EU MDR and IVDR define different conformity assessment procedures based on the class and risk of the device,There are different types of conformity assessment procedures:
  • Conformity assessment based on a quality management system and technical documentation assessment (Annex IX)
  • Conformity assessment based on type examination (Annex X)
  • Conformity assessment based on product conformity testing (Annex XI)
  • Self-Certification (Class I Devices): Manufacturers of low-risk devices can self-certify compliance with the regulations and affix the CE mark.
  • Involvement of a Notified Body (Class IIa, IIb, III, and IV Devices): Higher-risk devices require the intervention of a Notified Body. The Notified Body reviews technical documentation, conducts audits, and issues the CE certificate if all requirements are met.
  • Performance Studies and Clinical Evidence: For certain high-risk devices, clinical evidence and performance studies may be required to demonstrate safety and efficacy.
The primary goal of conformity assessment is to confirm that a medical device or in vitro diagnostic device complies with the essential requirements and specifications outlined in the regulations. It is a thorough evaluation process that includes technical documentation review, quality management system assessment, and, in some cases, involvement of Notified Bodies.

Role of Notified Bodies: Notified Bodies are independent organizations designated by EU member states to assess and certify the conformity of medical devices and in vitro diagnostic devices. They play a crucial role in the conformity assessment process. Notified Bodies assess high-risk devices, including class III and implantable devices. Their responsibilities include:Reviewing technical documentation and quality management systems.

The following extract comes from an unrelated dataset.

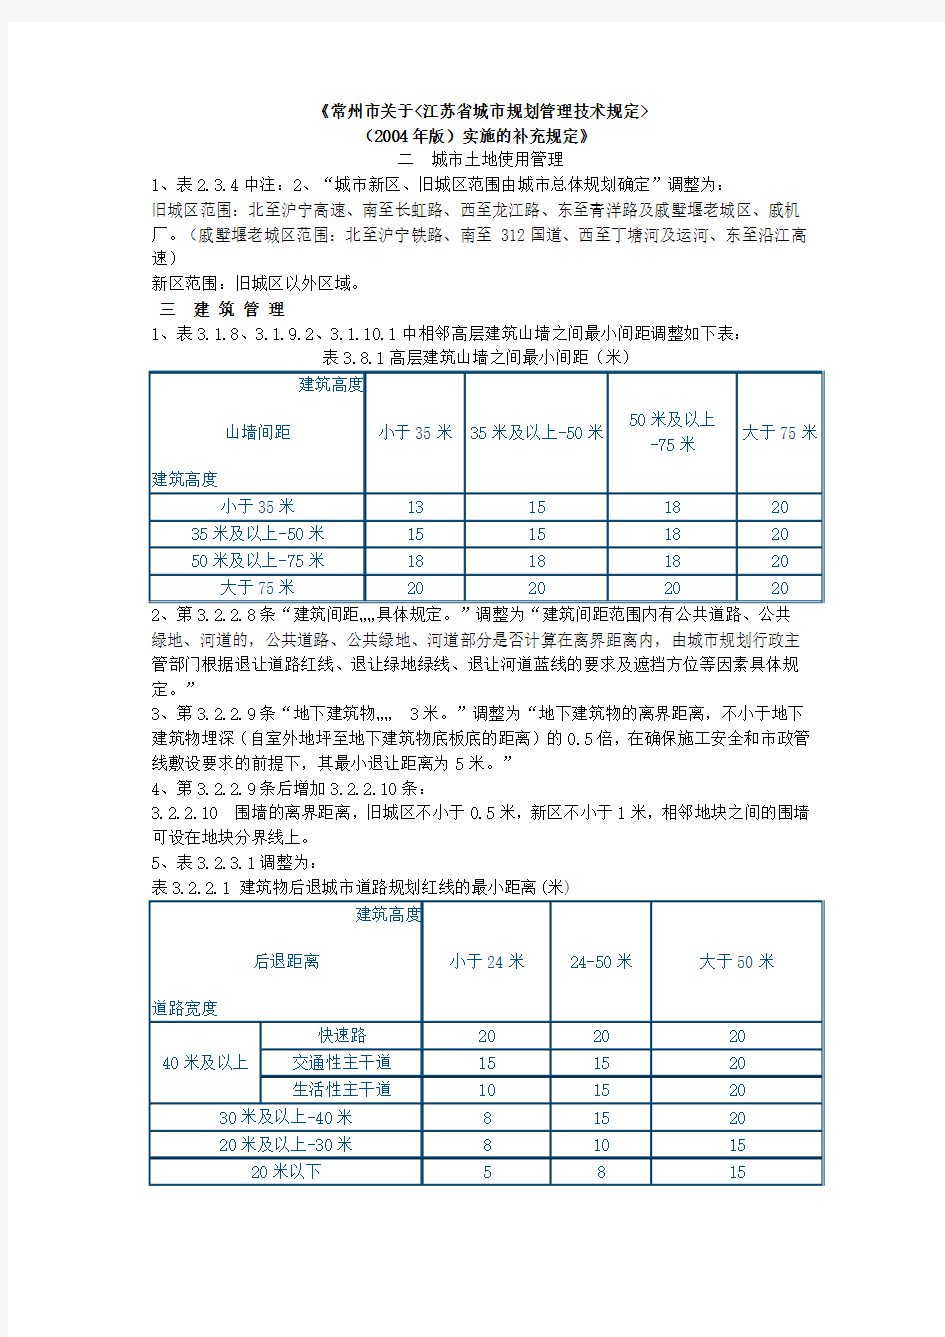 常州市关于《江苏省城市规划管理技术规定》(2004年版)实施的补充规定

  • Conducting audits of manufacturers to ensure compliance.
  • Assessing clinical data and performance evaluations.
  • Granting or withdrawing the necessary certificates.
Once a medical device or in vitro diagnostic device successfully completes the conformity assessment process, it receives the CE mark. The CE mark indicates that the device complies with EU MDR and IVDR and can be legally marketed within the European Union.

Under MDR & IVDR, It is verified that whether the device meets all of the regulatory requirements for European Union medical devices; the certification is indicated by a CE Mark. In order for medical devices to be certified, company must implement a Quality Management System (QMS).